Shipping container shortage reaches critical levels, investigation is now underway

An investigation has now been launched into a shipping container shortage that is causing a bind for some American exporters and farmers.

The shortage is not new, but it has now reached critical levels causing shipping costs to soar, 300 percent in some cases. One exporter says that it threatens the world food supply.

A new investigative report from CNBC found that international shipping carriers rejected nearly 180,000 export containers at four major U.S. ports during October and November, adding up to a loss of $630 million dollars, but the pattern started as early as June, with the loss at those ports at more than a billion dollars.

Bob Sinner, President of SB&B Foods, a major American soybean exporter, estimates 30-40 percent of his company’s total exports have either been delayed or canceled, forcing the company to use air freight to Asia instead.

However, it is not U.S. competition causing the problem. Redwood Logistics CEO, Mark Yeager told CNBC he estimates three in four containers from the U.S. are going back to China empty to be refilled with more profitable Chinese exports.

The port of Los Angeles confirmed the situation saying, “We need a cohesive U.S. export policy that addresses a range of issues, including container accessibility for our agricultural markets throughout the country.”

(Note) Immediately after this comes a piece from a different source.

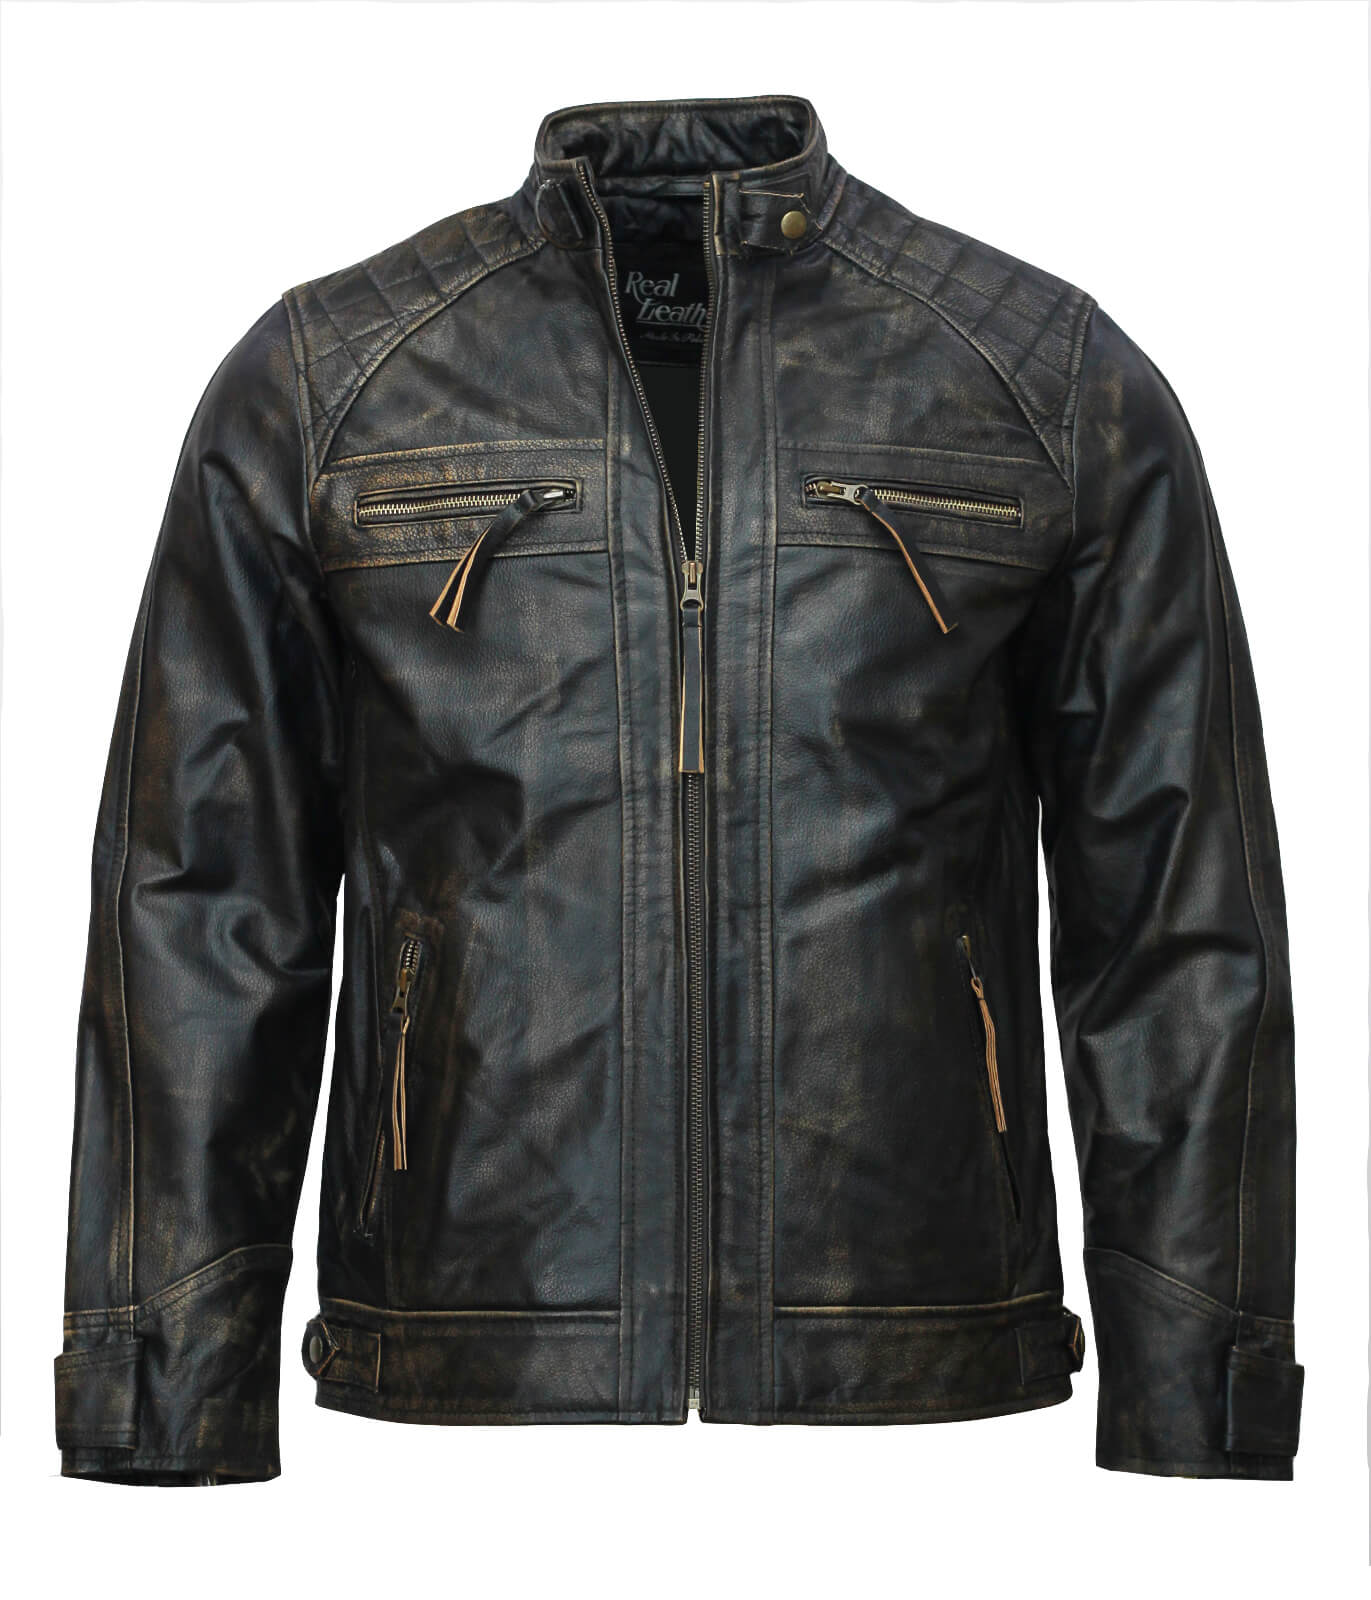 Marlboro Vintage Leather Biker Jacket - Paragon Jackets

U.S. ag exports for 2020 were larger than 2019 because of the Phase One Trade Agreement with China, but an export is not official until it is transported and processed in the country of destination. The investigation found the increase in ag exports pales in comparison to the increased ration of empty export containers.

Some carriers say that the issue is unintentional pointing instead to the pandemic.

Even still the Federal Maritime Commission has launched an investigation to determine if carriers have violated the Shipping Act, which makes it illegal for them to “unreasonably refuse” cargo.

In the meantime, Sinner says that it goes beyond trade. It is about the global food supply.